Goshen News, Goshen, IN

December 21, 2009

After 60 years of writing, pen pals finally meet

By JESSE DAVIS

For two pen pals, the world just got a little smaller.

While a young child attending Yellow Creek Mennonite Church, Goshen resident Lucille Jackson, then 11 or 12 years old, picked a name out of the Words of Cheer Sunday school newsletter and began a relationship on paper with Canadian Verda Cook of Kitchener, Ontario. The pair wrote back and forth, talking about school, family and life in general. More than 60 years later, the two have finally met face to face.

“When our son and family moved to Chicago three years ago, I thought of contacting Lucille and asking if we could meet,” Cook said. “However, if we were not flying in to Chicago, our driving schedule did not allow for a side trip. After Lucille’s husband’s death and my husband having emergency triple-bypass surgery, I felt life was too short to say ‘next time we go to Chicago I’ll call Lucille.’”

Jackson’s interest was also piqued by the idea.

“I thought it was great,” Jackson said. “You always wonder what they look like, you know, and sound like. I thought it was a lovely idea.”
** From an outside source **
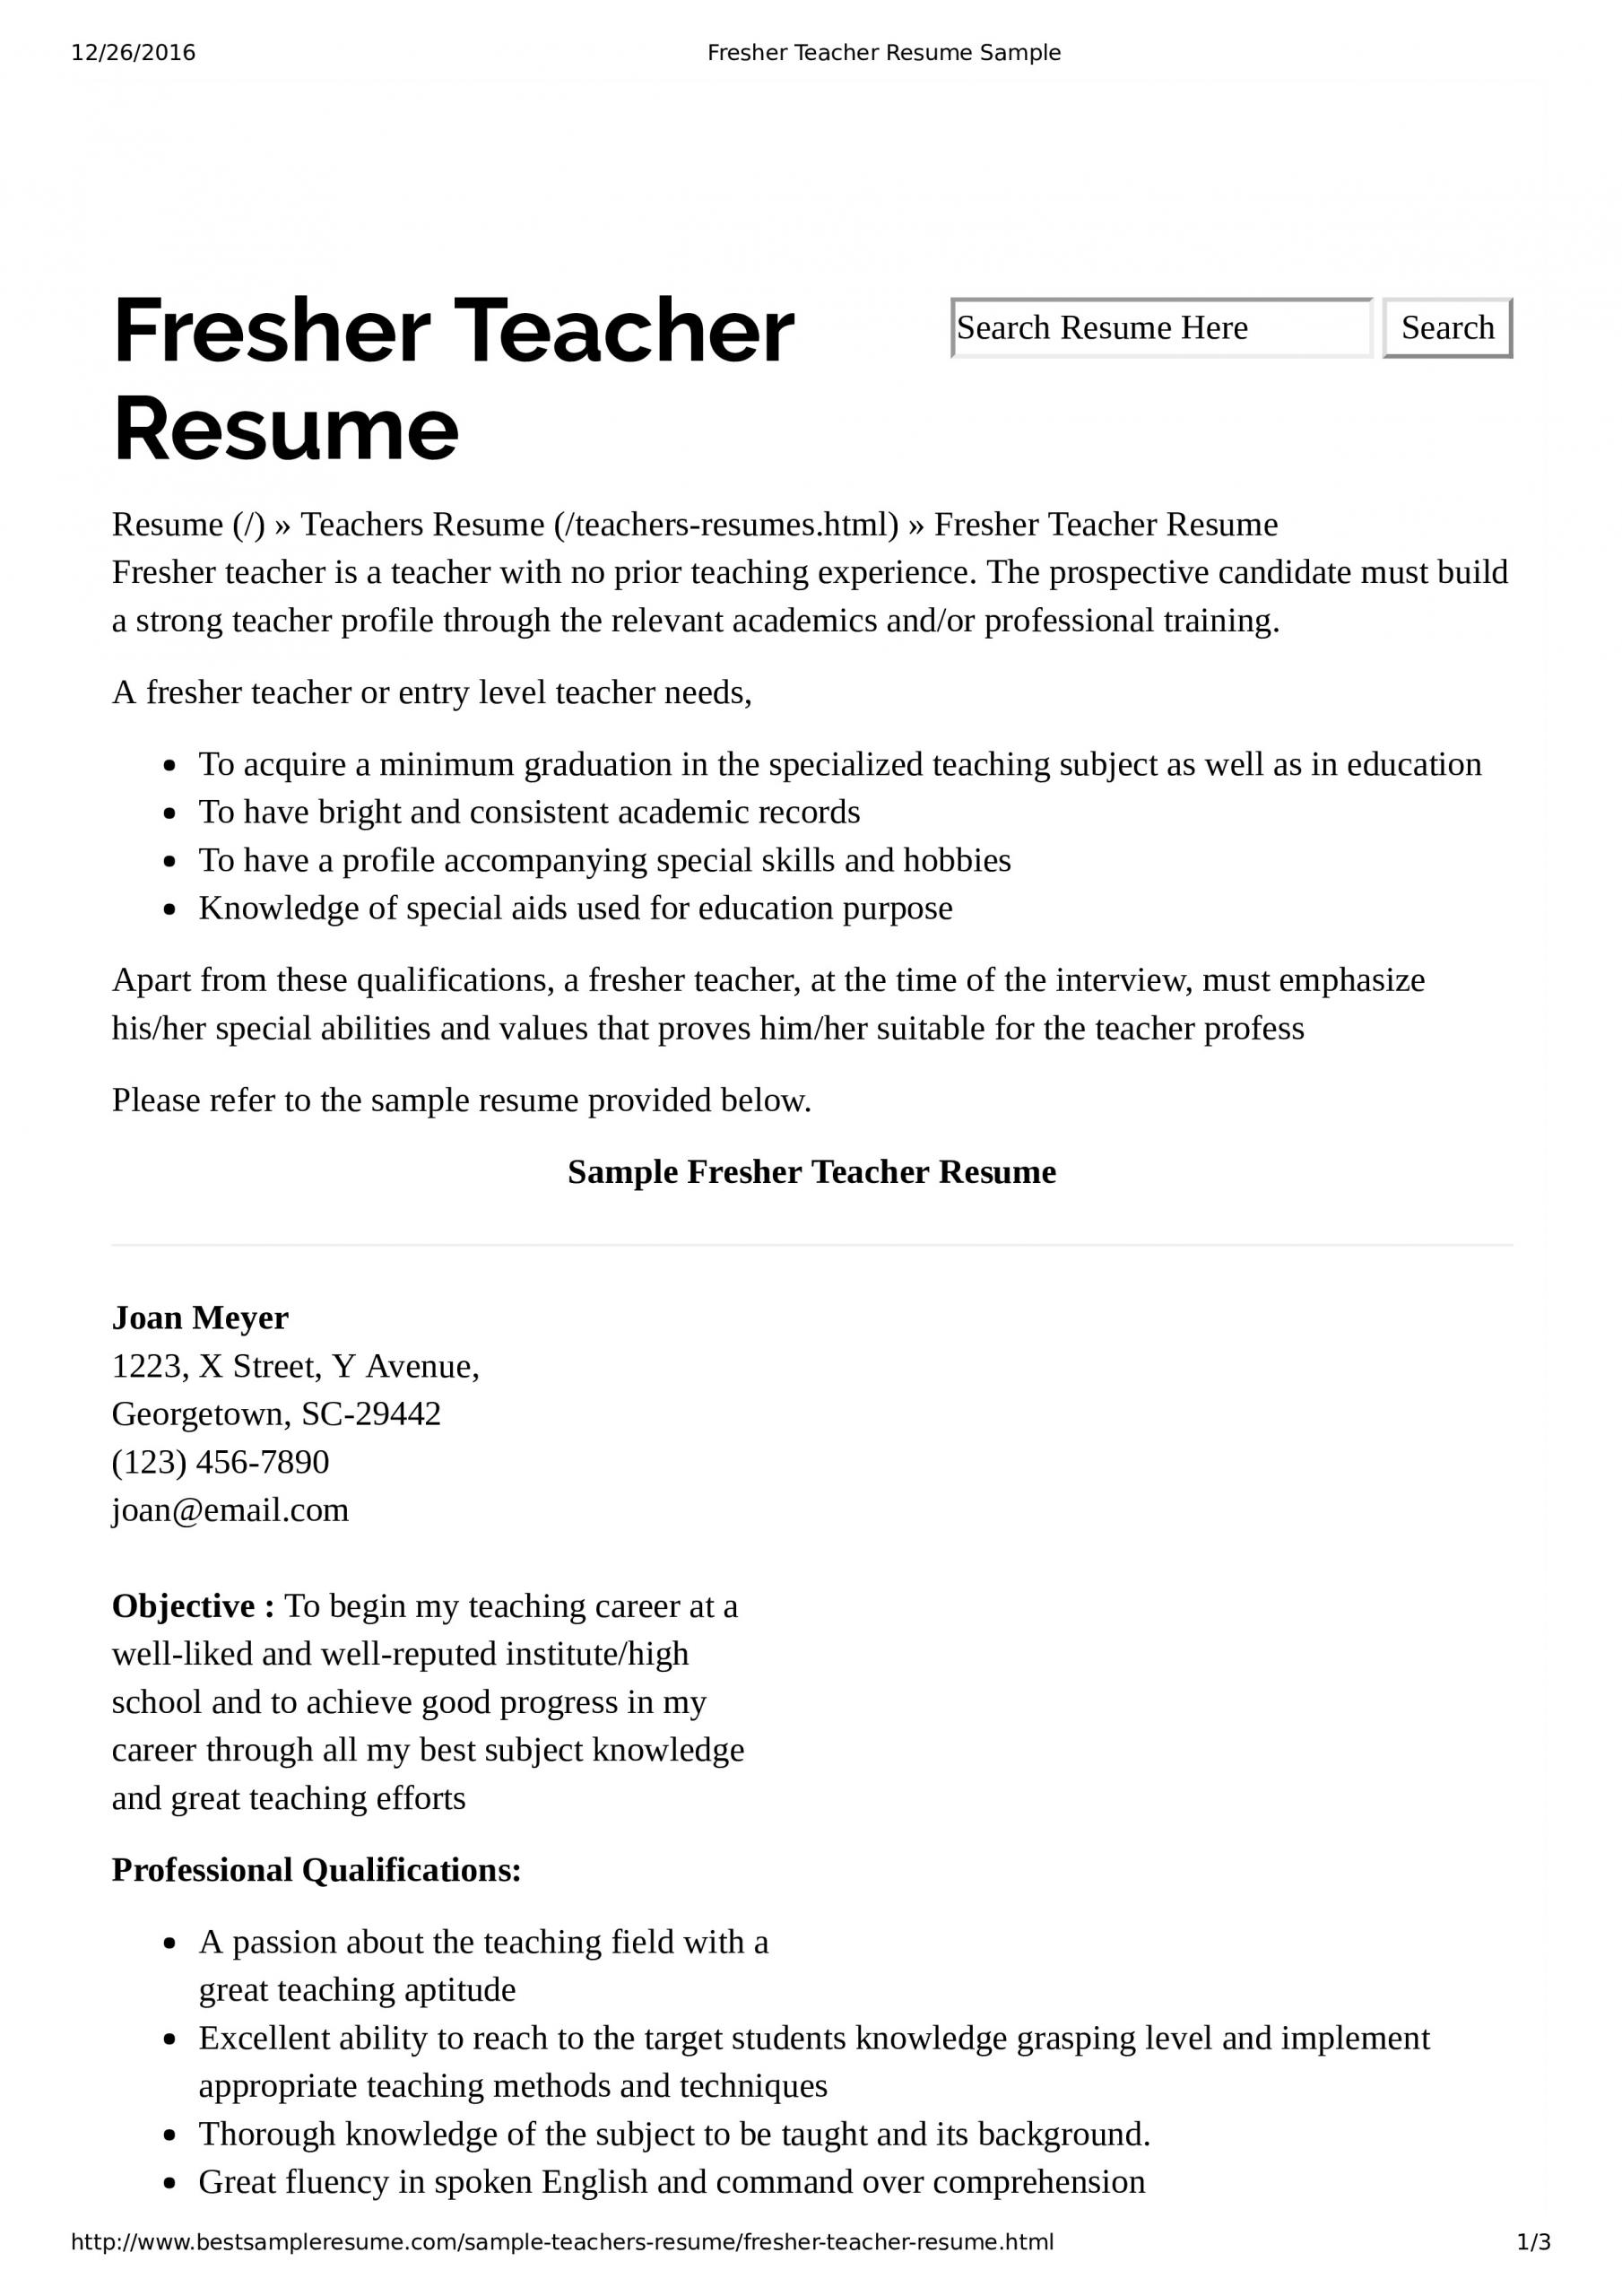 preschool teacher resume with no experience

Over the following days, the two corresponded about meeting, deciding the best spot would be Das Dutchman Essenhaus. Cook sent Jackson an e-mail with a picture of her and her husband and a note on what they would be wearing so she could recognize them.

“They came through the door and they were just kind of standing there and I said ‘well hello there,’ and she turned around and I told her who I was and we gave each other a big hug,” Jackson said.
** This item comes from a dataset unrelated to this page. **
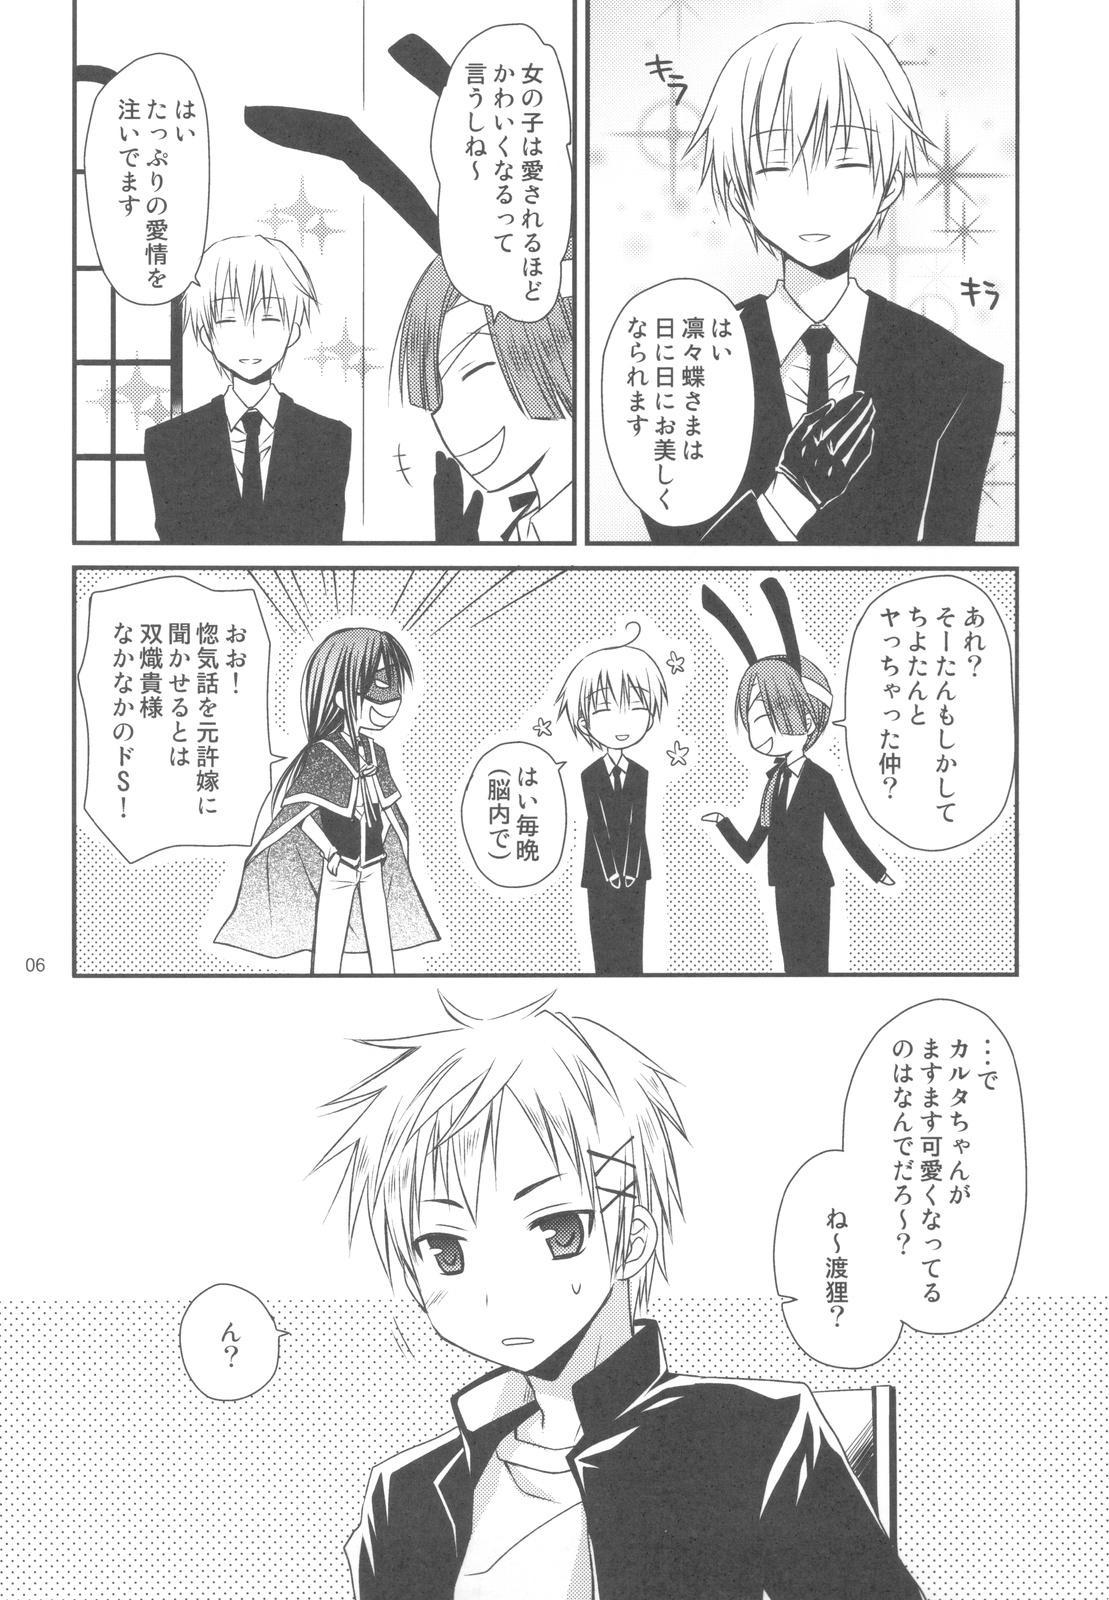 Chiisana Ai no Monogatari 4

“I felt very welcome by the way Lucille greeted me,” Cook said. “This was not as though we had been out of touch for many years and then rediscovered each other. It was like meeting the next-door neighbor for coffee, except that I had never seen this next-door neighbor.”

She was exuberant about the hour the two spent together at the restaurant, chatting while enjoying coffee and dessert.

“It was a wonderful experience,” Cook said. “Now I can put a face to a name. The correspondence will be much more meaningful and feel much more personal from now on.”

After saying their goodbyes, the Cooks parted ways with Jackson and her friend and fellow Goshen resident Betty Leinbach — who had gone along with Jackson — and headed home.

For Jackson, the years-long relationship, even though they only just met, has meant much to her.

“It’s fantastic,” Jackson said. “I just never dreamt it would go on so long. It’s almost like having another sister. If I’d have known it would last so long I would have saved the letters and pictures and everything, but I’m not a pack rat.”

Neither Jackson nor Cook were the other’s only pen pal. In fact, Jackson said that of Cook’s pen pals, she was the last one Cook hadn’t met in person. Jackson’s other pen pals have included a nurse who works at Riley Children’s Hospital in Indianapolis who she met while her son was being treated for bone cancer in the late 1970s.

“I also wrote to one in France, but that fizzled out after about a year and a half or so, which is what most of them do eventually, but for some reason this one (with Cook) kept on going,” Jackson said.

Nowadays Jackson isn’t so busy writing letters.

“I send a lot of cards,” Jackson said. “I don’t write a lot anymore. I go to write a letter and I sit there for two hours trying to figure out what to say on the page. That’s why it’s nice with the computer now, you can write just a little bit.”